Тем не менее поезд прибыл, и Люба со своим тяжелым ящиком поспешила к пятому вагону.
- Кто тут с клюквой для Егорки? - зычно рявкнул парень в свитере, стоявший на площадке рядом с проводницей.
- Я, я! - держа ящик под мышкой, замахала рукой Люба. Парень без лишних слов отпихнул пассажиров, уже пытавшихся было сунуться в вагон, и, протолкавшись к Любе, вытянул ее в сторонку.
- Здесь? - спросил он, постучав по крышке ящика.
- Здесь, под клюквой...
- Во нагрузила, чудачка! - усмехнулся парень, оглядываясь назад, где проводница пыталась навести порядок в рядах штурмующих вагон пассажиров. Теперь вот что. На вот, припрячь...Там написано, как дальше жить. Все! Бывай! Парень влез в вагон последним, помахал Любе рукой и скрылся в вагоне уже тронувшегося с места поезда.
Записку, которую Любе сунул курьер, она прочла на опустевшем перроне:
"Облцентр, Генералова, 7, ТОО "Командир". Ждут сегодня в 18.00. От Олега из Москвы".
Из этого следовало, что Любе надо было брать билет на электричку и отправляться в город. У окошка кассы стояла очередь, человек двадцать, станционные часы показывали без пяти три. А электричка ближайшая шла в 15.05. Следующая - только через час. То есть в 16.10. Прибывает в город где-то без двадцати шесть. Как добираться до улицы Генералова, Люба толком не знала, а могло оказаться и так, что доехать туда за двадцать минут не получится.
Поэтому она в очередь вставать не стала, а побежала через пешеходный мостик на третью, дальнюю от вокзала, платформу, где уже стояла, дожидаясь отправления, электричка 15.05.
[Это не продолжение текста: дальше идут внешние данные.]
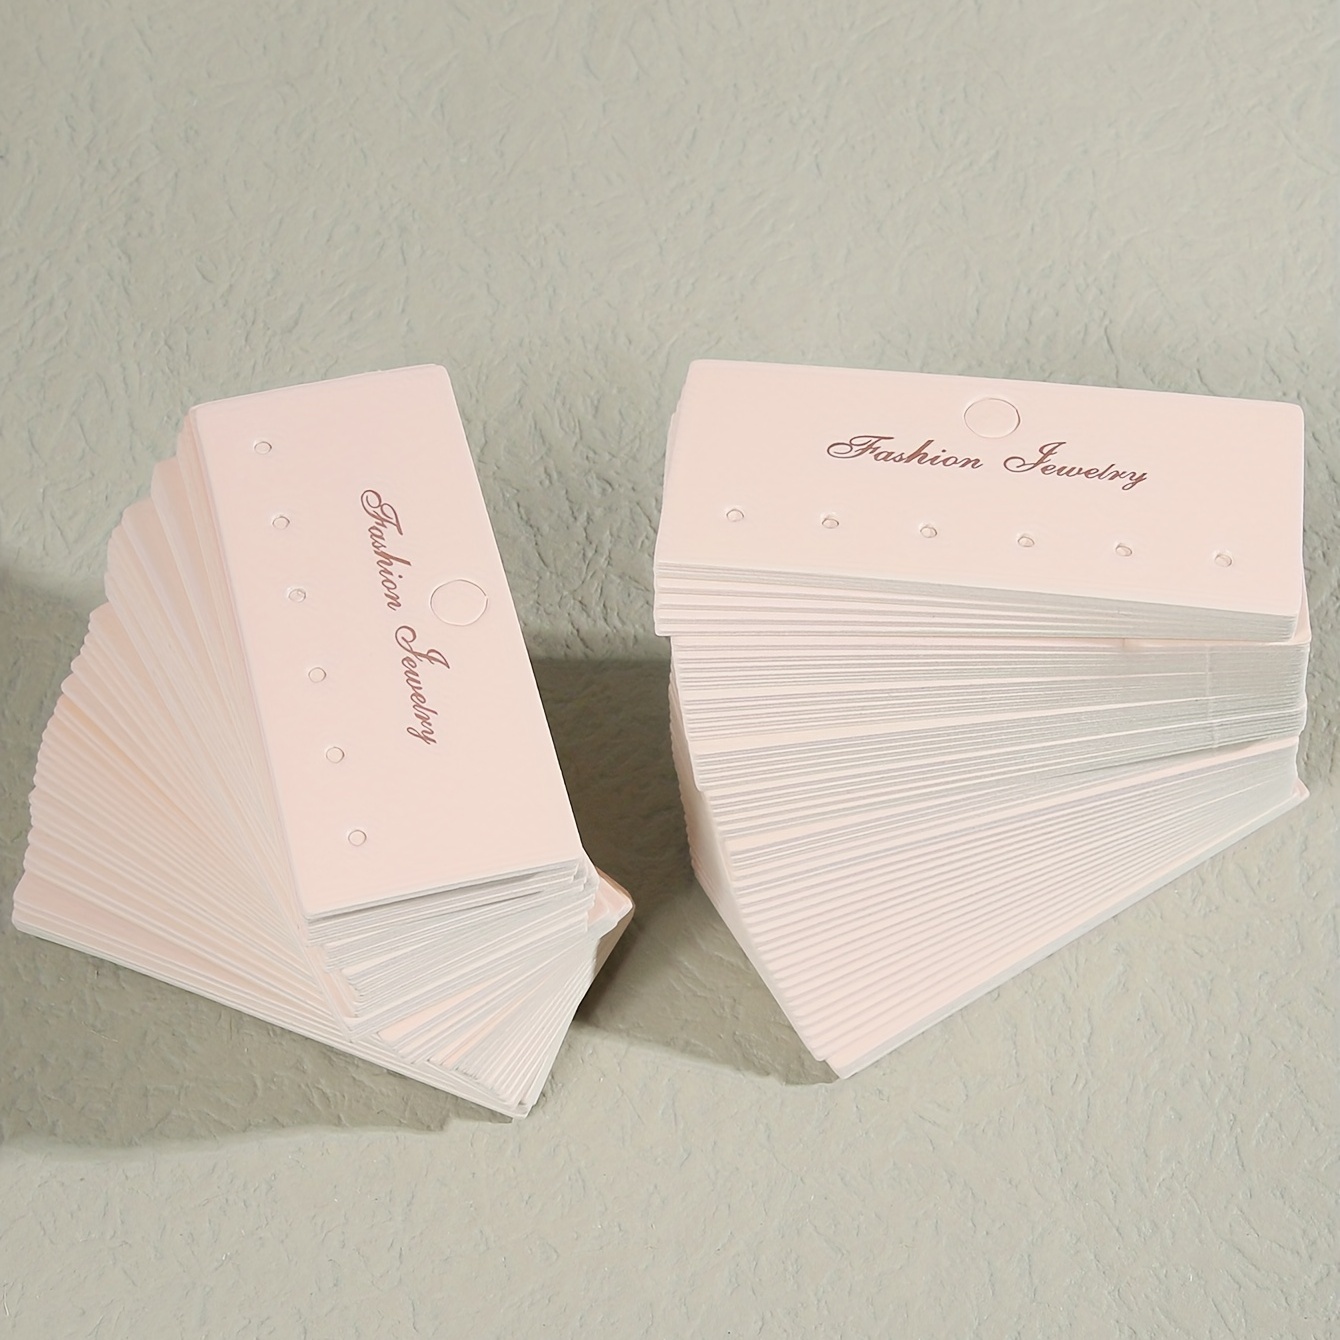 200pcs Earring Display Cards Set, Including 50pcs Earring Display Cards,  50pcs Self-Sealing Bags And 100pcs Earring Backs And Pendant Display Cards  For Diy Jewelry Presentation

Народу среди дня было немного. Люба села к окошку. Она не любила ездить без билета, хотя бы потому, что все время ощущала беспокойство. Неловкость перед контролерами, то да се... Документы у нее, правда, были в полном порядке и деньги на штраф имелись, но все равно, она терпеть не могла хоть в чем-то попадаться. Ей до ужаса мерзкими казались все эти служители порядка и хранители закона. Два года тюрьмы такой ее воспитали...
Записочка уже давно была сожжена дотла на зажигалке, и ее содержание теперь существовало только в памяти Любы. Честно говоря, получить ее от курьера, забравшего коробку, она не ожидала. Потому что курьер выполнял задание Равалпинди, а записку ей передали, по-видимому, от лица Олега.
Самое время было припомнить, как ее в этот раз отправили на родину, поразмыслить, приготовиться к возможным неожиданностям...
Не собиралась она в эти чертовы, хотя и родные Марфутки. Конечно, о том, что там лежит коробка, не забывала. Правда, в последние пять с лишним месяцев почти о ней не вспоминала. И уж не думала, что эта самая коробка кому-нибудь в ближайшее время понадобится. Не до того было.
Олег только-только перестал на нее сердиться, простив, вопреки обыкновению, тот прокол, который стоил жизни Соне. Новой напарницы у нее не появилось, каждый раз помогал кто-то другой. А в двухкомнатной квартире на третьем этаже облезлой пятиэтажки, доставшейся ей в наследство от Сони, она чувствовала себя одинокой и заброшенной. Было тоскливое чувство вины перед подругой. Ведь если б она тогда чуть-чуть ловчее сработала, Соня была бы жива. Только тогда пришлось бы помереть ее первой безгрешной любви - Петюнчику Гладышеву. Судьба выбрала. Но вот то, что Соня погибла и этот самый Петечка был тому виной, не переставало мучить. К тому же не смогла Люба похоронить подругу честь по чести. Не являться же в милицию и докладывать, что вместе на дело ходили...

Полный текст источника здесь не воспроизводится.